From working with ITS for a year or two, I know the following things about our network.
We have a 50 Megabit pipe from our provider that the entire school shares (about 40 of which is allocated to dorm rooms after 5 o'clock). Each student is capped around a 650kilobytes/sec transfer rate (judging by bandwidth tests conducted in dorms during off-peak hours). At about 2 o'clock when classes start to let out, the connection begins slowing down, and by 5 o'clock in the evening we are getting paltry speeds of around 50-60 kilobytes/sec, and around 30kilobytes/sec at night, during prime gaming time. Unfortunately, I don't know how many users are generally downloading things at once.
Our campus is wired using 100Mbit routers. This summer, they are upgrading our network infrastructure with gigabit routers.
My question to you is:
Do you think upgrading our internal network capabilities will make a difference, or are we really using all of the bandwidth provided to us? I know it is an odd question to ask, especially without knowing all the facts, but I am curious to know if anyone else has experience with the logistics of networks for a school this size.
if you do a little math, you could see it that way:
40Mb * 1024=40960Kbit
40960kbit / 50 kbs = 819 person using 50kbs at the same time.
Is this possible?
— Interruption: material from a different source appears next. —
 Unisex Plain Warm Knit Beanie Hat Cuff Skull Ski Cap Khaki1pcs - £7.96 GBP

I'd say yea if you say there is 1200 students living on the campus (this is 66% student using 50kbs bandwidth).
If the ITS staff upgrade the lan to giga, that would speed up your lan game and lan transfer. I don't think you would see any difference through the internet though. You are already capped at 12mbs when using the 100MB network.
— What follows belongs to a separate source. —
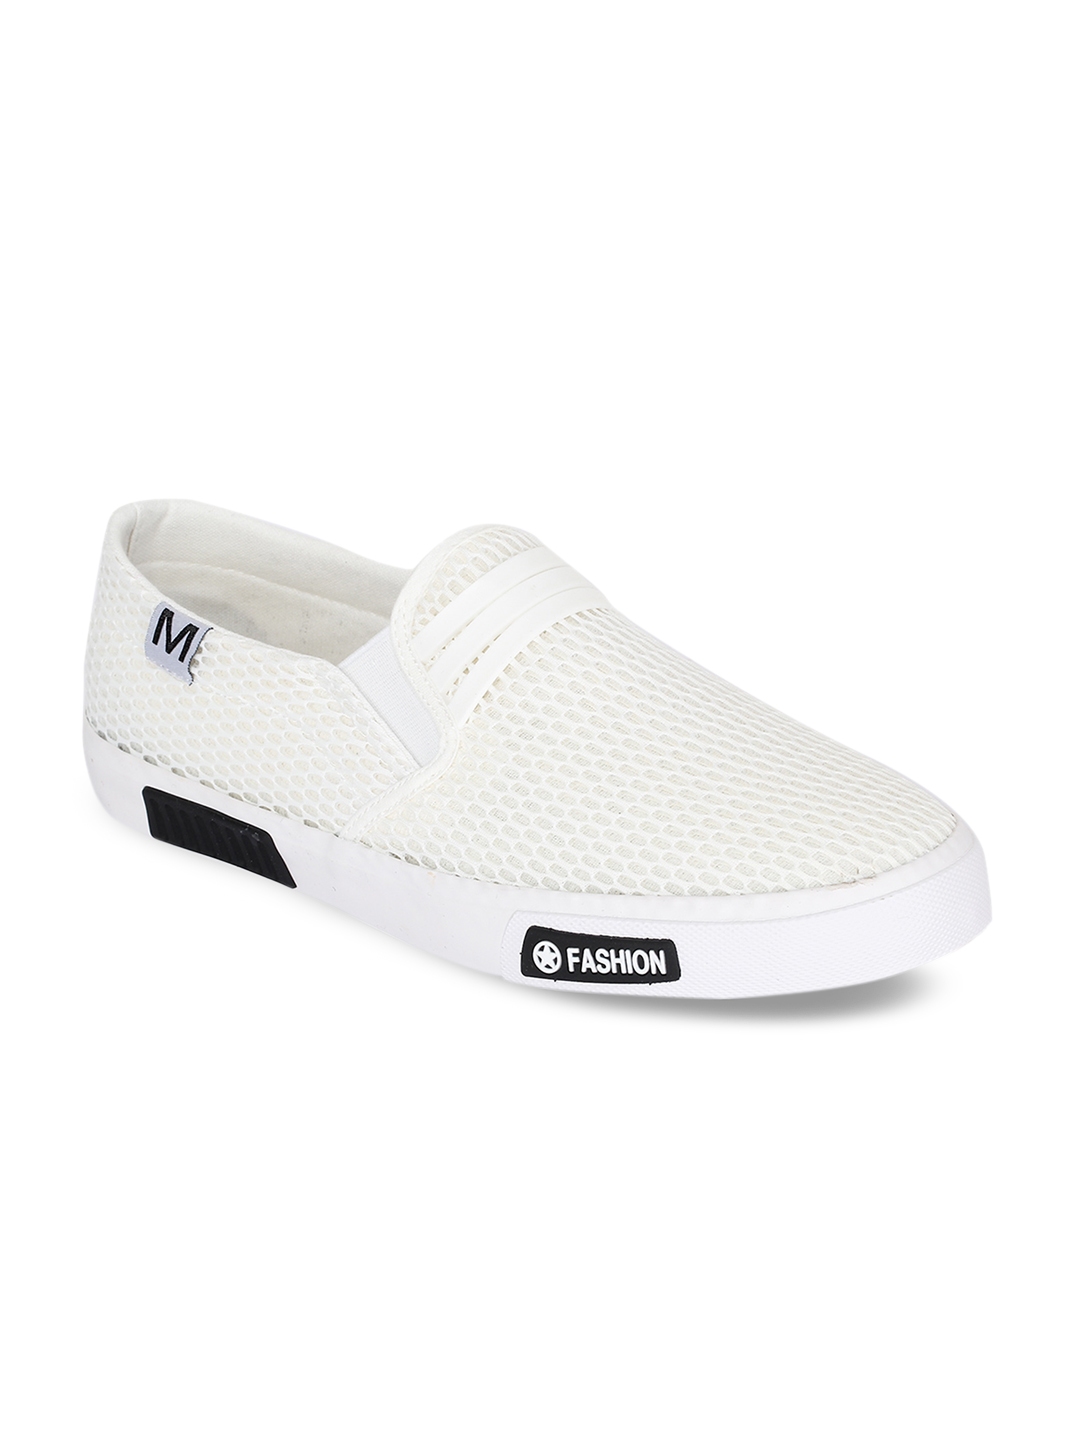 Buy REFOAM Men White Slip On Sneakers - Casual Shoes for Men 8531375 ...

Here is another thing to think about. The ITS staff might be doing some transfer on their server (for example backup) that would take up some of the lan bandwidth. And they might be downloading stuff for themselves as well (update, isos and such).
Thanks for the reply seacliff!
I have adjusted my original post, I accidentally showed kilobits instead of kilobytes, which is what I've actually measured our dorm room connections as. This probably makes the numbers even gloomier than they already are.
We never have trouble gaming on the network, but it's quite frustrating to limit our internet gaming to the mornings/weekends.
@ seacliff: "You are already capped at 12mbs when using the 100MB network. "
backwards b's. You are capped at 12MBs when using a 100Mb network.
@halls: If you are getting 30KB (bytes) per student with that many students, and 40-50Mb (bit) total bandwidth, you aren't doing too bad. I'm assuming there's a lot of file sharing, gaming, watching youtube, etc. The question would be, how much traffic is going off campus vs. staying on. If they can monitor the router at the WAN port and graph that, or monitor the usage of the LAN switches, that will illustrate where the bottlenecks are. (I assume your LAN is using switches, not hubs).